3.  CONSIDERACIONES  

1.  Es competente la Sala para conocer del presente asunto al  tenor de lo dispuesto en el numeral 5 del artículo 2.2.3.1.2.1  del Decreto 1069 de 2015, modificado por el artículo 1º  del Decreto 1983 de 2017, toda vez que el reclamo constitucional  involucra  una decisión adoptada en segunda instancia por la Sala Penal  del Tribunal Superior de Barranquilla.  

2.  El artículo 86 de la Constitución Política  establece que toda persona tiene derecho a promover acción de  tutela ante los jueces, con miras a obtener la protección  inmediata de sus derechos constitucionales fundamentales, cuando por  acción u omisión le sean vulnerados o amenazados por  cualquier autoridad pública o por particulares, en los casos  previstos de forma expresa en la ley, siempre que no exista otro  medio de defensa judicial, o si pese a existir, se utiliza como  mecanismo transitorio para evitar la materialización de un  perjuicio de carácter irremediable.  
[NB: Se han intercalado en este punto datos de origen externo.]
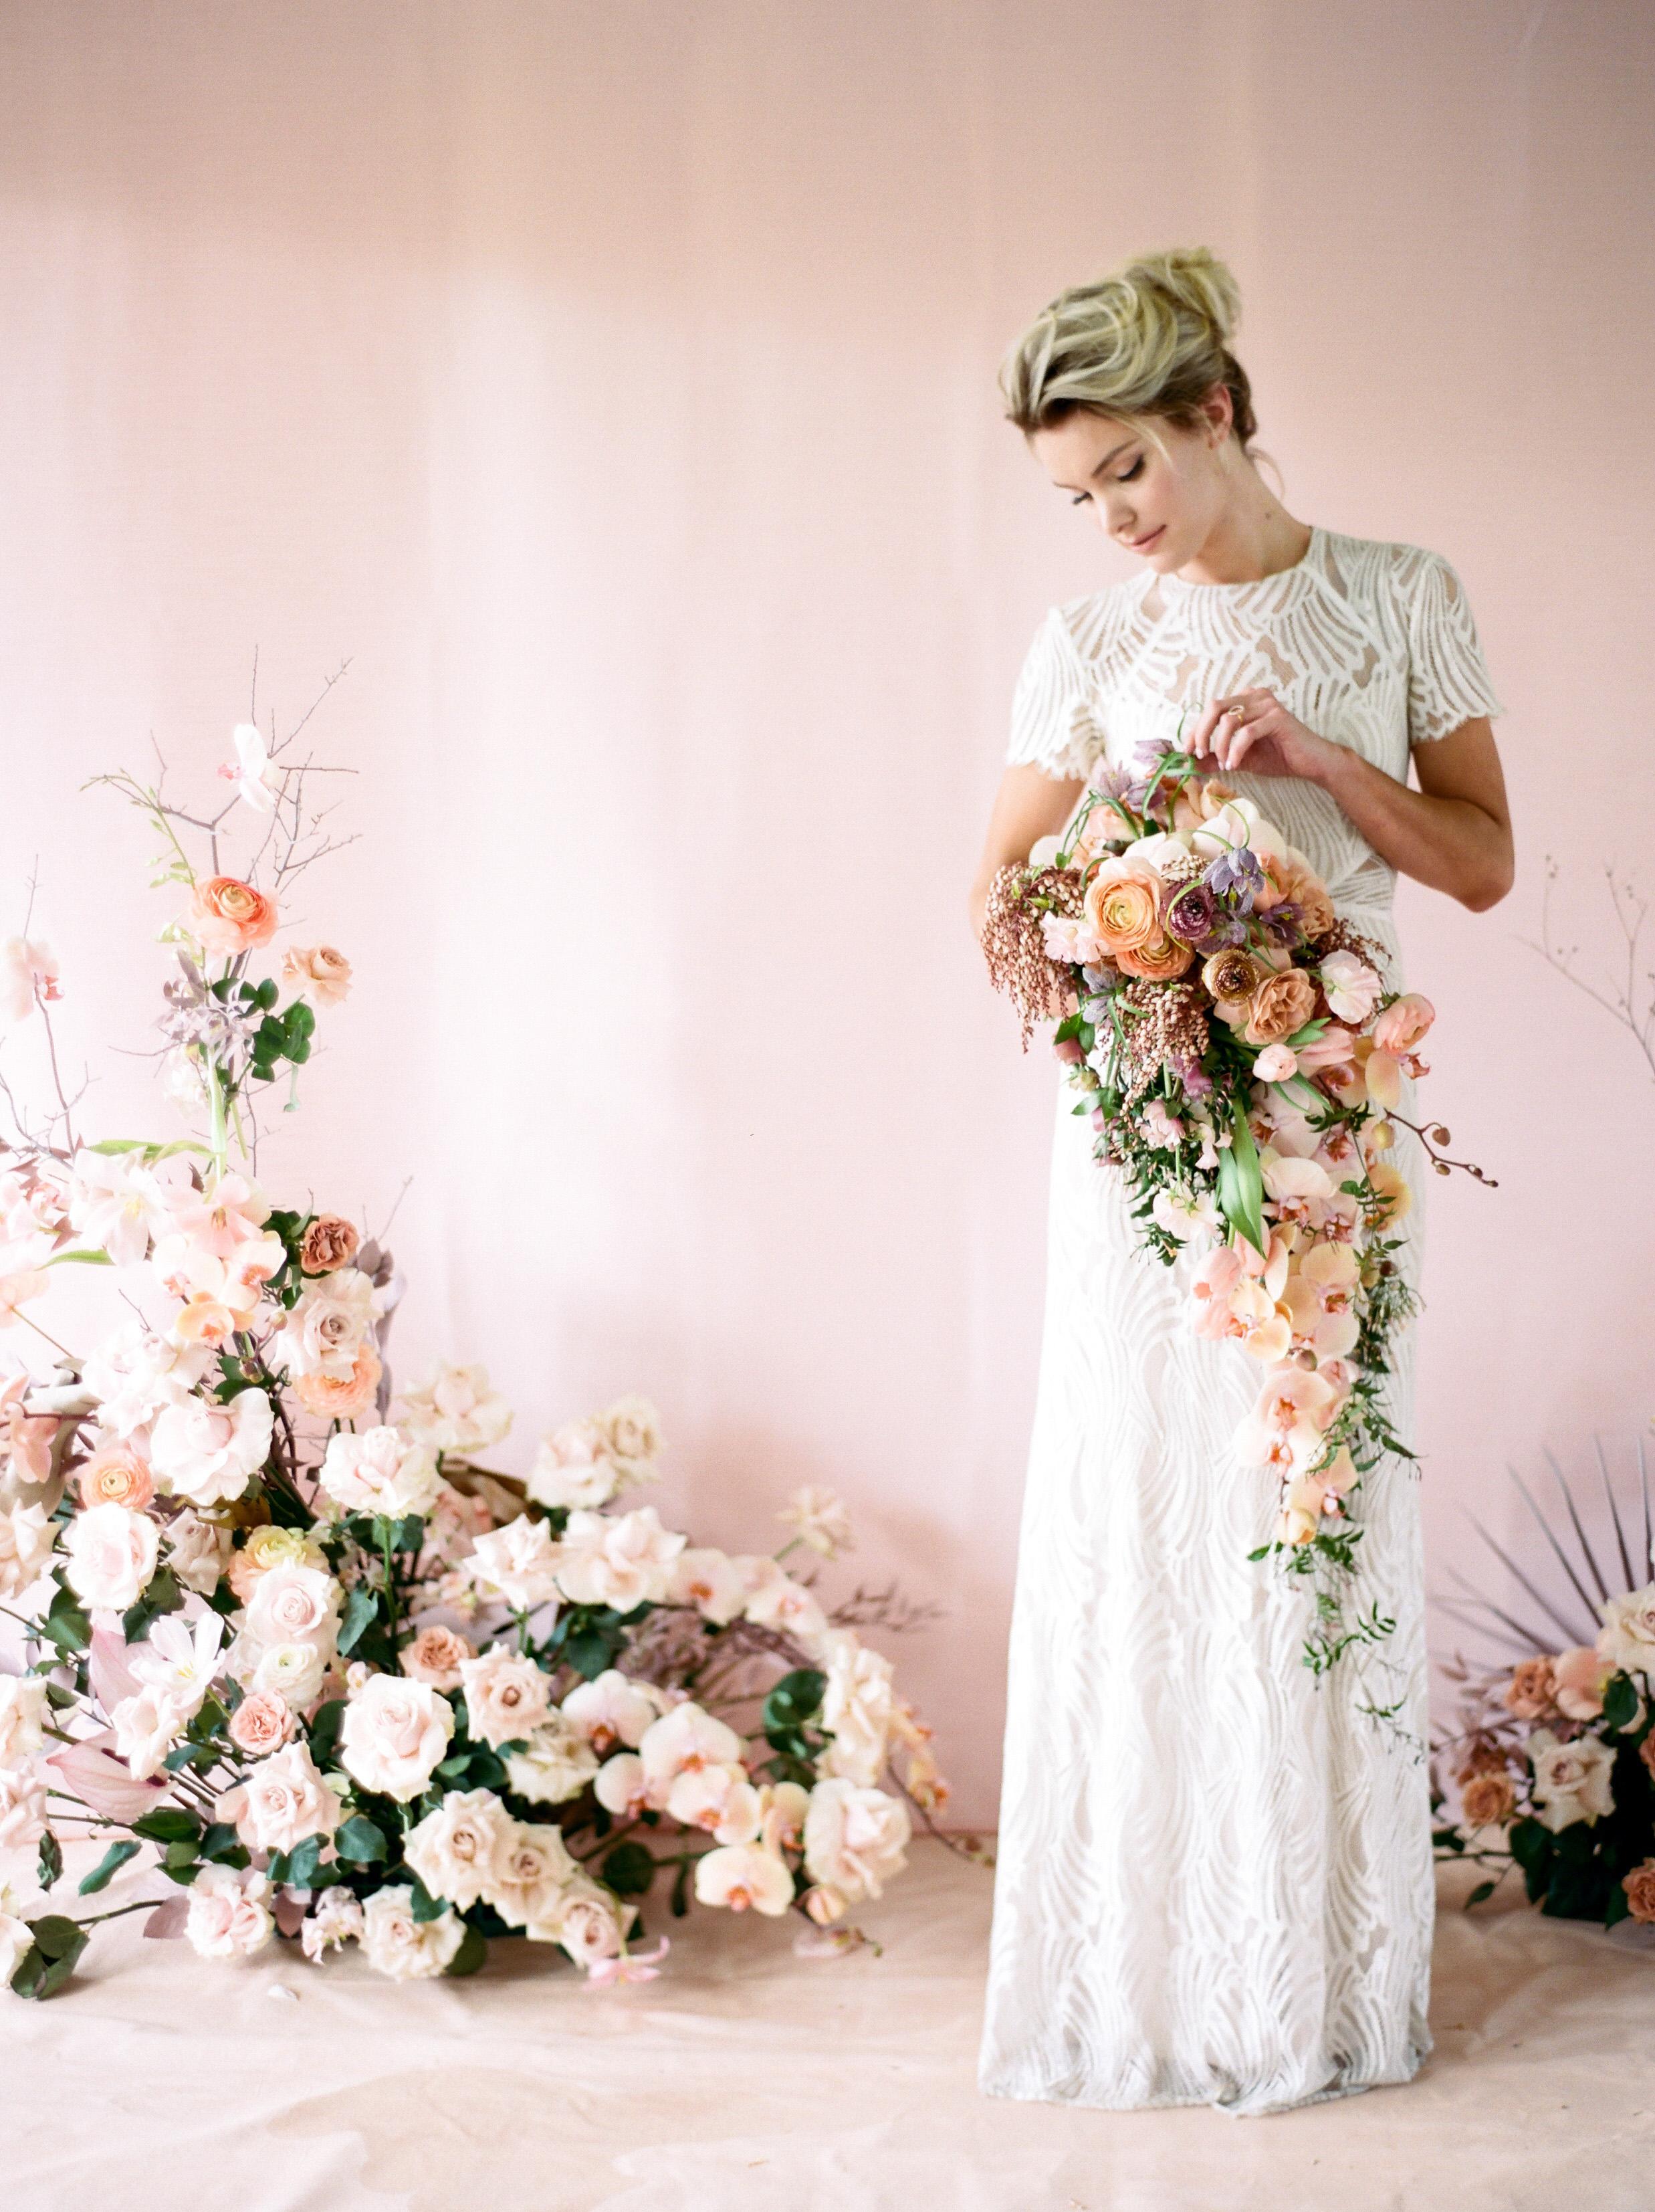 Austin-Wedding-Photography-Prospect-House-Fine-Art-Film-Destination-Dana-Josh-Fernandez-Photography-Dallas-Houston-Luxury-Best-Top-8.jpg

3.  Se tiene igualmente dicho que la acción de tutela contra  decisiones judiciales presupone la concurrencia de unos requisitos de  procedibilidad, genéricos y específicos1,  que consientan su interposición, esto con la finalidad de  evitar que la misma se convierta en un instrumento para discutir la  disparidad de criterios entre los sujetos procesales y la autoridad  accionada, contrariando así su esencia, que no es distinta a  denunciar la violación y obtener el restablecimiento de los  derechos fundamentales.  

3.1.  En cuanto a los primeros, estos implican i) que la cuestión  que se discuta resulte de evidente relevancia constitucional; ii) que  se hayan agotado todos los medios –ordinarios y  extraordinarios– de defensa judicial al alcance de la persona  afectada, salvo que se trate de evitar la consumación de un  perjuicio iusfundamental irremediable; iii) que se cumpla el  requisito de la inmediatez, es decir, que la tutela se hubiere  interpuesto en un término razonable y proporcionado a partir  del hecho que originó la vulneración; iv) que, cuando  se trate de una irregularidad procesal, quede claro que la misma  tiene un efecto decisivo o determinante en la sentencia que se  impugna y que afecta los derechos fundamentales de la parte actora;  v) que la parte accionante identifique de manera razonable tanto los  hechos que generaron la afectación como los derechos  vulnerados y que estos se hubiesen alegado en el proceso judicial,  siempre que esto hubiere sido posible y, por último, vi) que  no se trate de sentencias de tutela.  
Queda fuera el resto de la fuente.